However, feature selection to address the efficacy and effectiveness of network intrusion detection methods is extremely important. In this research study, we analyzed two variations of the clustering-based detection method, e.g., not density-based clustering and density-based clustering. We applied the wrapper method and the hybrid approach (filter–wrapper) and compared the performance of DDoS attack detection methods. We examined whether incorporating supervised learning against a clustering approach that included not density-based and density-based approaches in the wrapper method would impact the performance of the detection methods. Given the results of the two experiments, we found that incorporating the clustering approach in the wrapper method had a greater impact on the performance of clustering-based DDoS attack detection methods in terms of lowering the false positive rates. The one-way ANOVA analyses show statistical significance in that regard.

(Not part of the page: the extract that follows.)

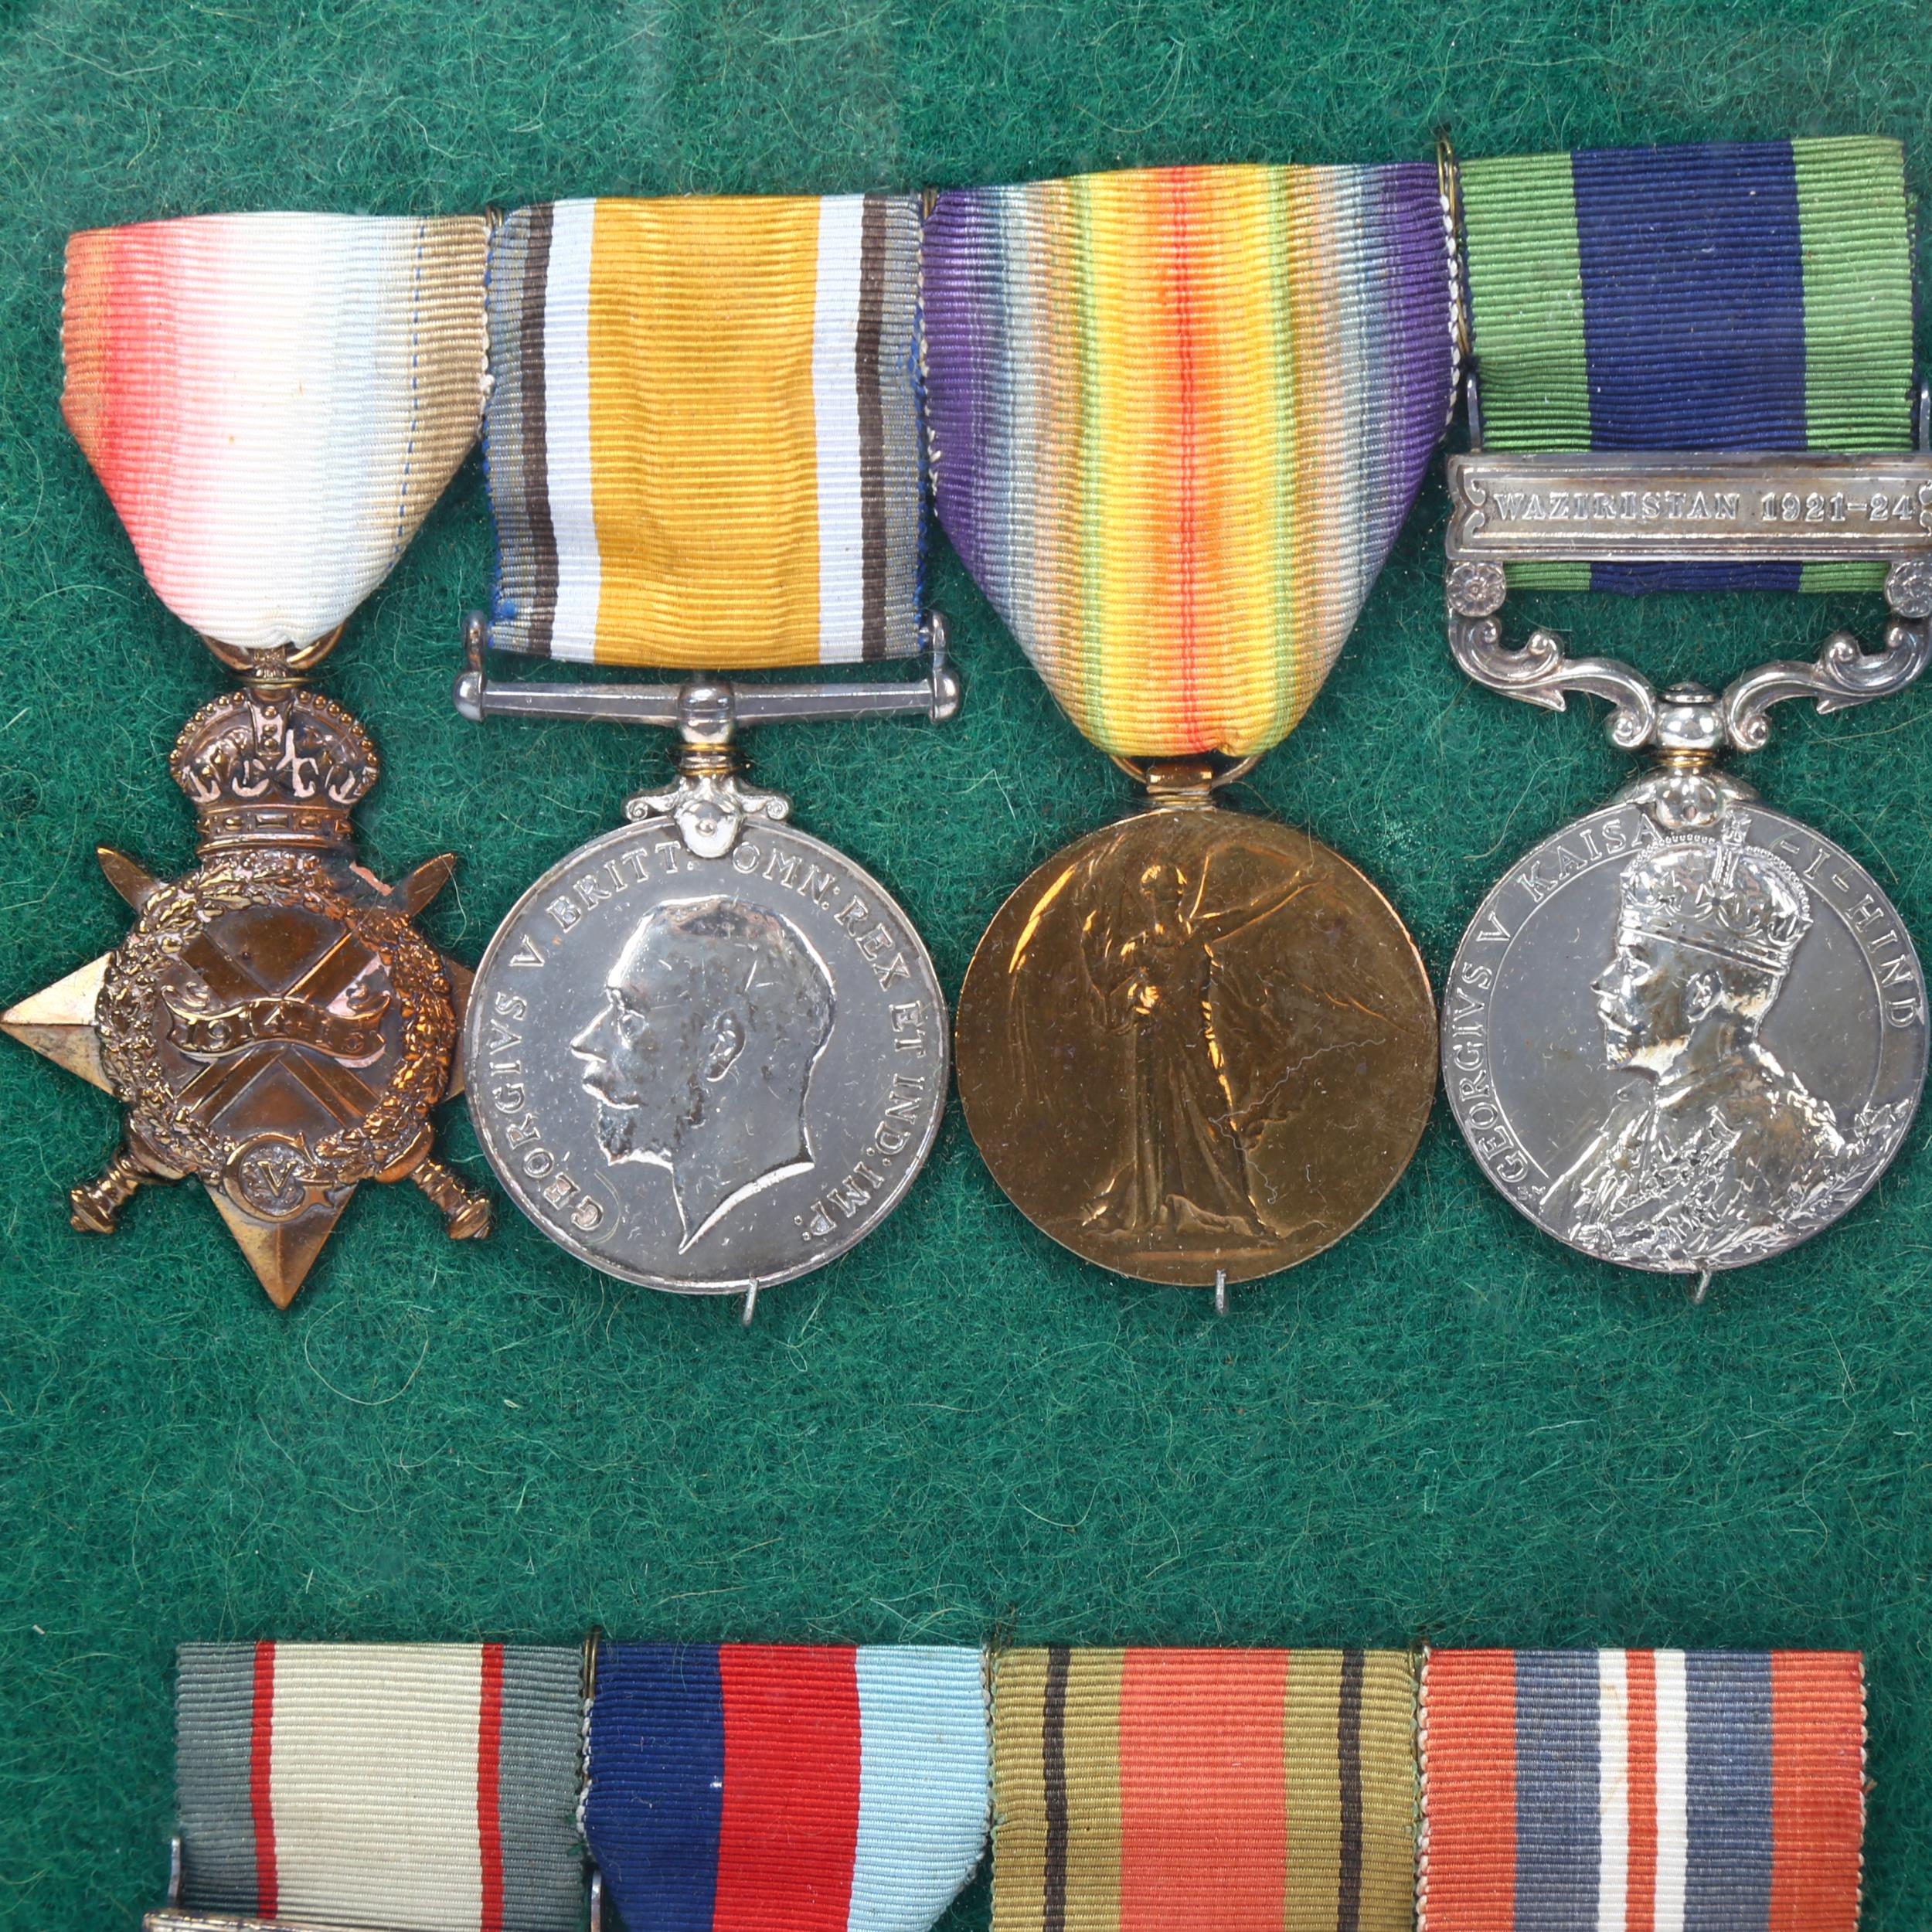 A group of 8 Great War and Second War Service medals, awarded to Major JH Rigg, 8th Punjab Regiment, - Image 2 of 3
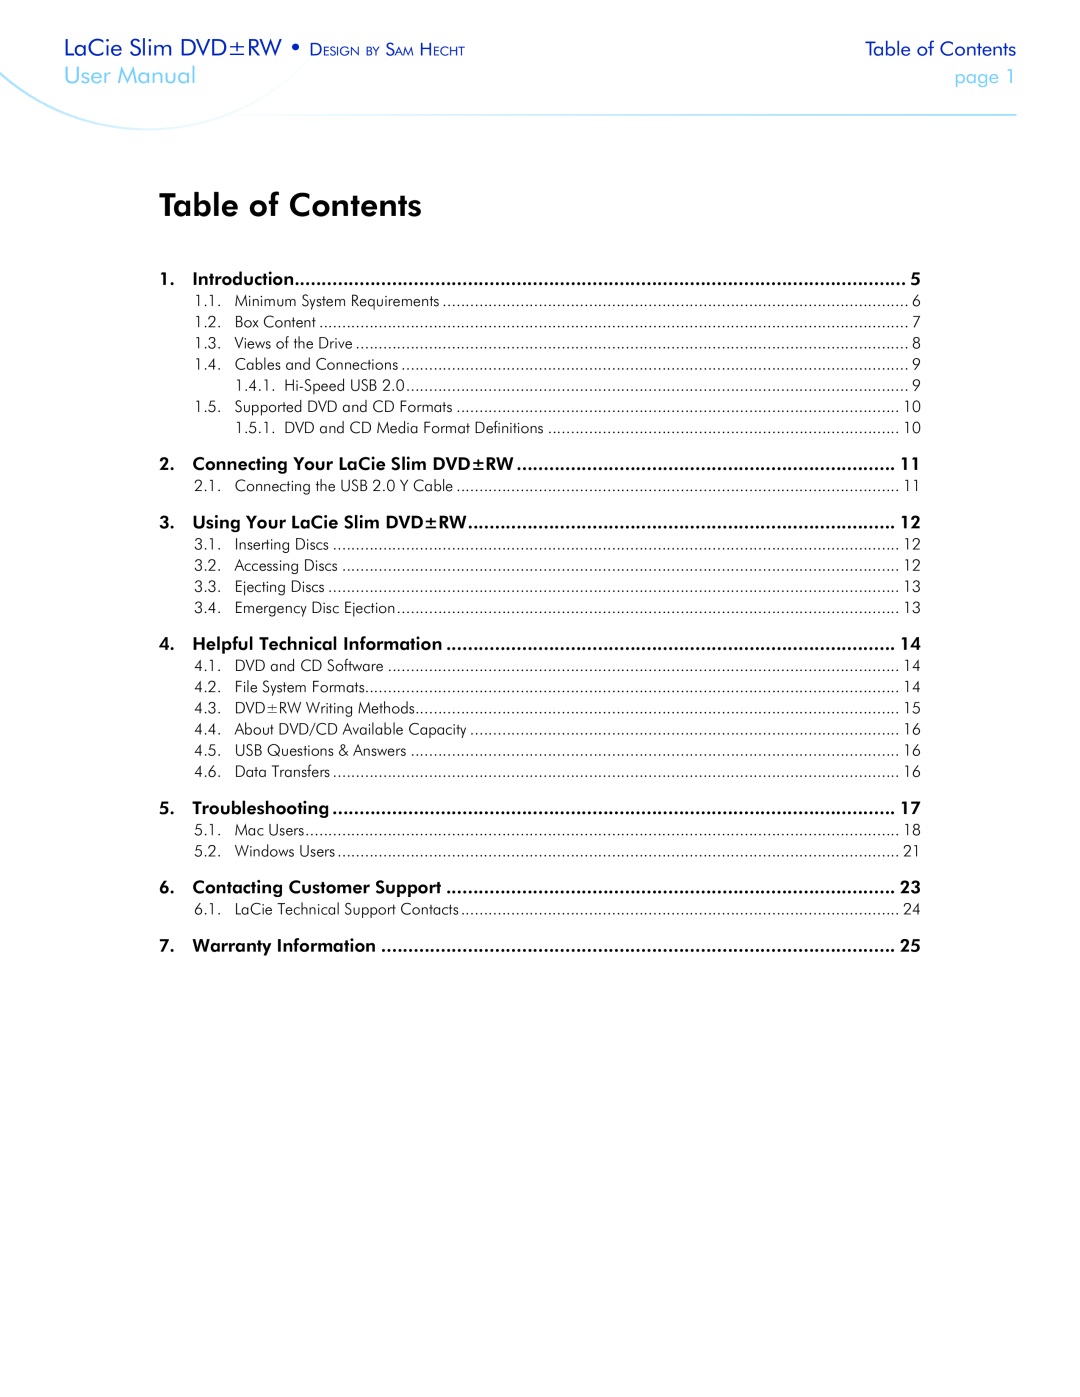 LaCie 301910 user manual Table of Contents, LaCie Slim DVD±RW D esign by S am H echt, User Manual, page, Introduction

We were also able to obtain a false positive rate of 0.000 in several cases. The first case was when we incorporated a density clustering-based wrapper method using SimpleKMeans in not density-based clustering, using SimpleKMeans to identify DDoS attacks. The second two cases were when we applied a not density-clustering-based hybrid method using Information Gain and SimpleKMeans for feature selection. They occurred when we used density-based and not density-based clustering using EM in attack detection. The fourth case was when we applied a density-clustering-based hybrid method using ChiSquared and SimpleKMeans for not density-based clustering using SimpleKMeans in DDoS attack detection. The fifth case was when we incorporated a density-clustering-based-hybrid method using Information Gain and EM prior to not density-based clustering using EM. The sixth and final case was when we applied a density-clustering-based hybrid method using Information Gain and SimpleKMeans prior to not density-based clustering using SimpleKMeans in DDoS attack detection. In all of the considered cases of applying supervised learning algorithms in the wrapper method, the DDoS attack detection methods were not able to obtain a false positive rate of 0.000. In general, the clustering algorithms are effective techniques that categorize data using the centroid or the mean of a data point. In this case, similar network traffic data points that are considered normal are in one group, while similar data points that are of DDoS attack events are categorized in another group.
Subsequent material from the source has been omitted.